Canadian Public Accountability Board
- Abbreviation: CPAB
- Formation: April 14, 2003; 23 years ago
- Founder: Canadian Securities Administrators Office of the Superintendent of Financial Institutions Canadian Institute of Chartered Accountants
- Type: NGO
- VAT ID no.: 890500705RC0001
- Registration no.: 4157826
- Legal status: Not-for-profit corporation
- Purpose: National audit regulator with respect to public reporting issuers
- Location: Toronto, Ontario;
- Chair: Richard Payette
- Chief Executive Officer: Sonny Randhawa
- Budget: $16,265,000 (2015)
- Revenue: $16,139,000 (2014)
- Expenses: $16,914,000 (2014)
- Website: www.cpab-ccrc.ca

= Canadian Public Accountability Board =

Canadian overseer of accounting firms

The Canadian Public Accountability Board (CPAB; Conseil canadien sur la reddition de comptes) is a national body, organized by the Canadian Securities Administrators (CSA), that oversees Canadian accounting firms that perform auditing work.

==Formation==
The CPAB was formed in 2003 as part of Canada's response to the occurrence of accounting scandals that were happening worldwide, such as at Enron and Worldcom. It was different in approach from the Sarbanes-Oxley Act adopted in the United States. In 2016, its CEO stated that the Board "encourages a more holistic approach to better understand the root causes of lapses in audit quality," in contrast to that taken by the US Public Company Accounting Oversight Board.
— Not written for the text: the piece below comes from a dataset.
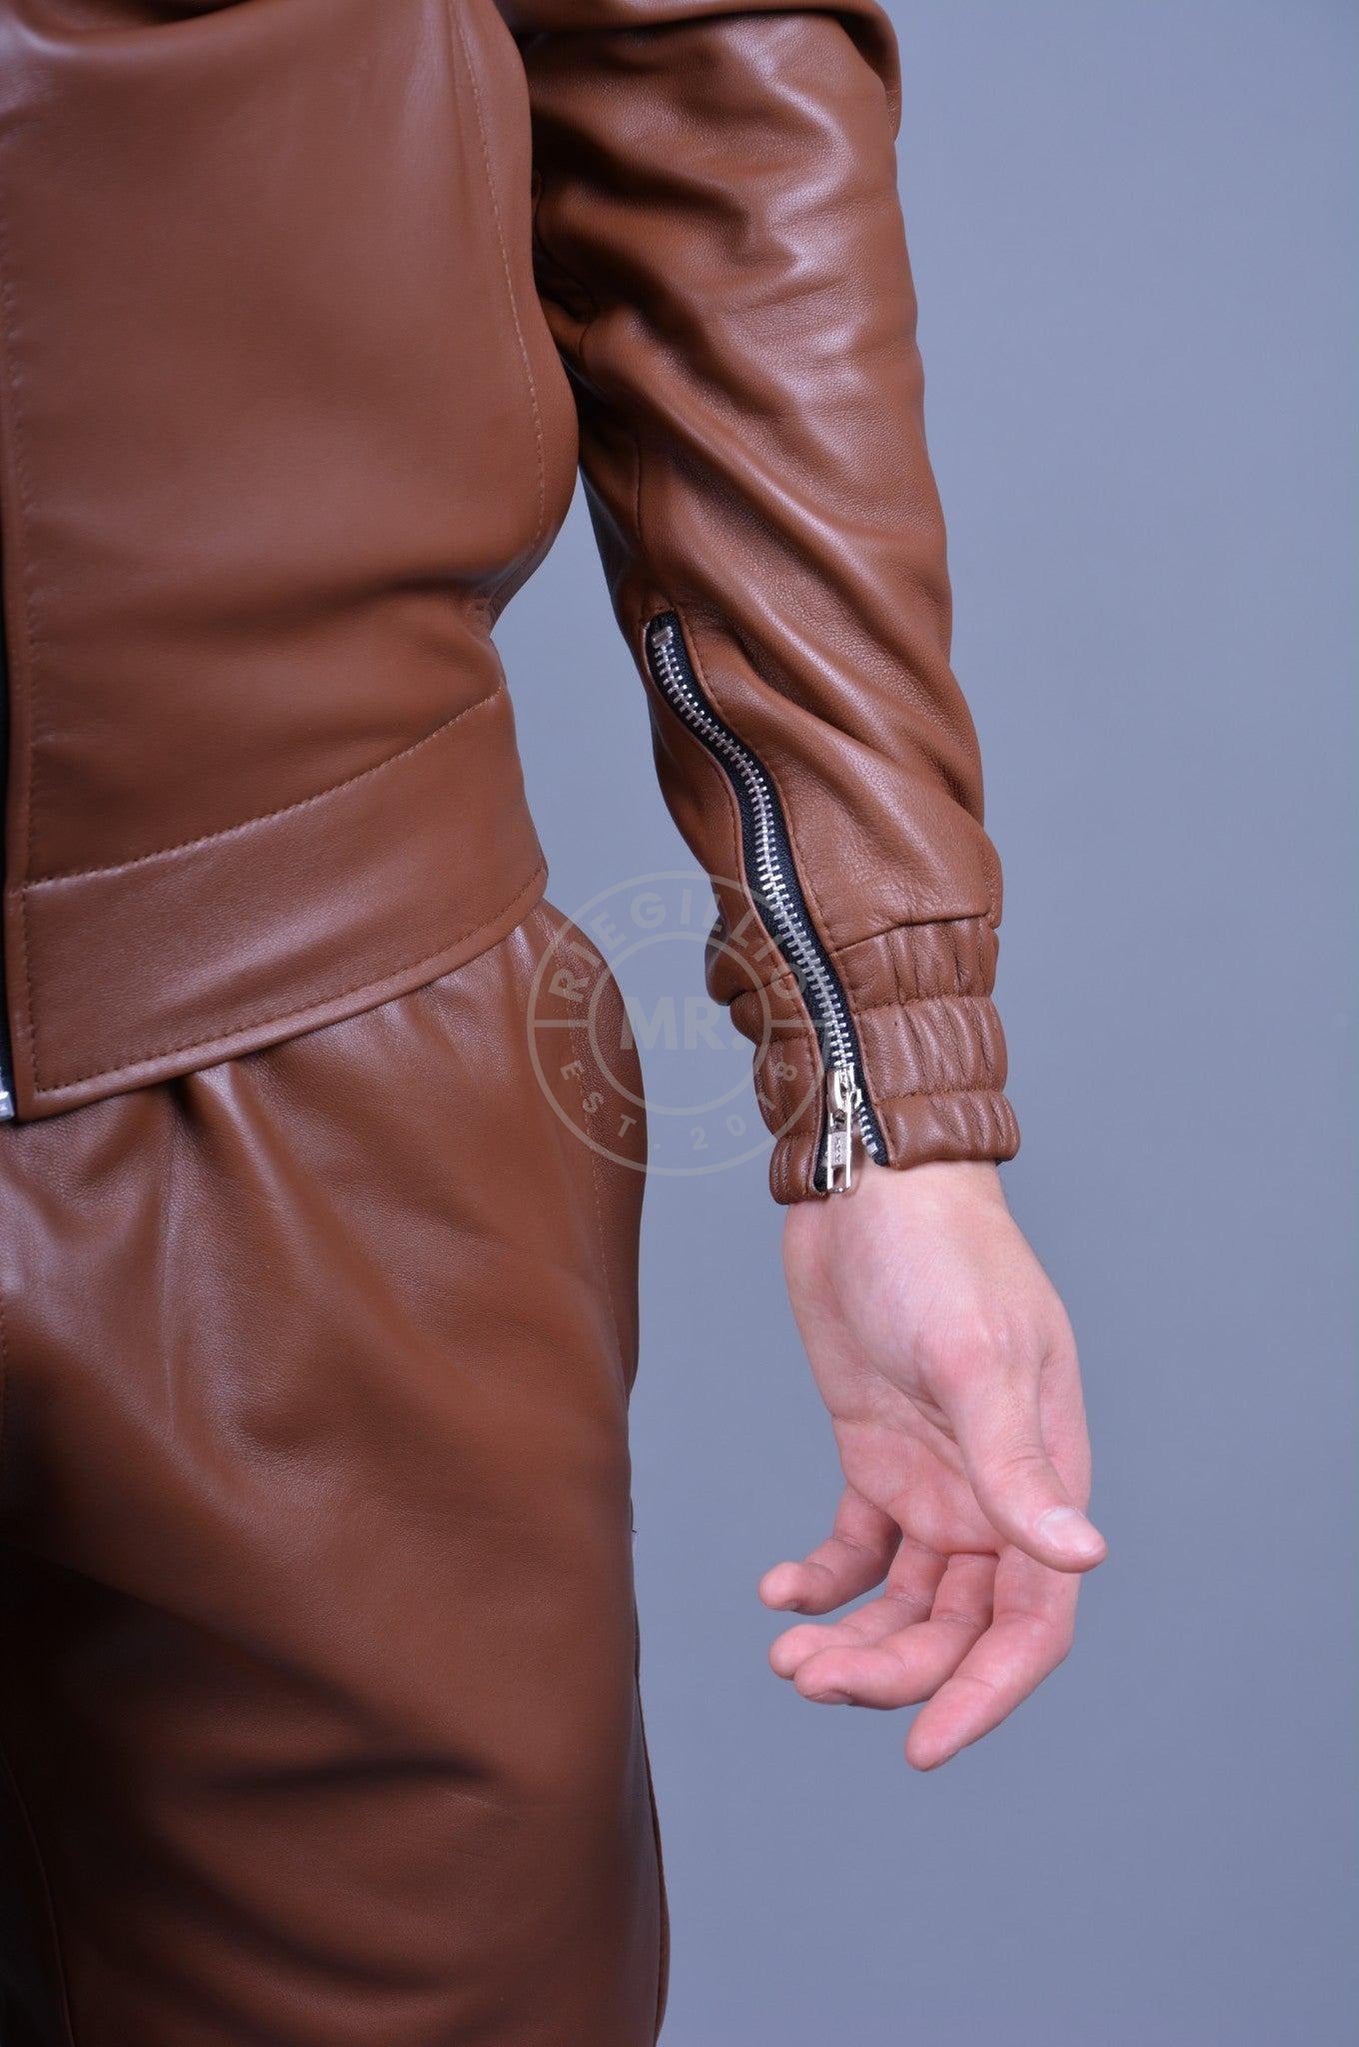 Cinnamon Brown Leather Tracksuit Jacket at MR. Riegillio

The CSA have specified that a "reporting issuer" (i.e., a publicly traded company) must have its financial statements audited by a "participating audit firm," being one that has entered into a participation agreement with the CPAB which has not been terminated. Its authority is reinforced through legislation passed at the provincial level, of which Ontario has passed the most extensive example.

==Scope==
164 Canadian and 133 foreign firms have entered into participation agreements with the CPAB. These firms audit approximately 4,000 reporting issuers and 3,000 investment funds. Of these firms, fourteen are inspected annually, of which the Big Four account for 98% of total market capitalization on Canadian markets, and the other 10 large firms account for a further 1.5%. The other firms are subject to inspection on a triennial basis.

==Governance==
The CPAB has two governing bodies. The Council of Governors consists of six members: the Superintendent of Financial Institutions, the Chair of the Ontario Securities Commission, the Chair of the Autorité des marchés financiers, the Chair of the Canadian Securities Administrators, (Note: when the Chair of the CSA is already a Chair of the OSC or AMF, the CSA will select an alternative Governor) a Governor selected by the CSA, and public accountant that has audit oversight regulatory experience, selected by the other five. In turn, the Council appoints the Board of Directors, who are responsible for supervising the activities of the organization.

==Deficiencies and controversies==
A 2007-8 review by CPAB of financial statements audited by the Big Six firms revealed that of 130 audit files examined, 11 were found to have deficiencies.

In 2011, the Board raised concerns that auditors only reacted when issues were raised by its inspectors, and that they were not taking proactive measures to improve the quality of their work. The report also noted that the same findings were being noted year after year, and that the majority of deficiencies related to basic audit procedures. Little progress was seen to have occurred in 2012, and a low level of professional skepticism was still seen as a major issue in 2013.

In 2012, CPAB released a review it conducted of work done by Canadian audit firms with Chinese clients. It found flaws in 12 of the 24 companies examined, and barred one auditor from doing such work until it upgraded its procedures. This was significant, as, in 2011, 56 companies from China and other parts of Asia were listed on the TSX or TSX Venture Exchange, many getting their listings through reverse takeovers of dormant shell corporations, and Sino-Forest Corporation had collapsed in mid-year after irregularities were found in its financial results. In 2014, the Board reported that it was still experiencing difficulties in being able to review foreign operations of some Canadian-based companies.

Because of irregularities such as those occurring at Sino-Forest, the CSA issued proposals in 2013 to require mandatory notification of certain events to reporting issuers and regulatory authorities, which were subsequently adopted in 2014.

In November 2015, the Board reported that the incidence of significant findings in files examined was increasing, and that the most prominent audit issues concerned the execution of audit fundamentals and the understanding of a client's business processes that are relevant to financial reporting. A report earlier that year stated that the incidence of deficiencies observed appeared to be declining in files concerning the Big Four and other national/network firms, but was increasing in files concerning regional firms.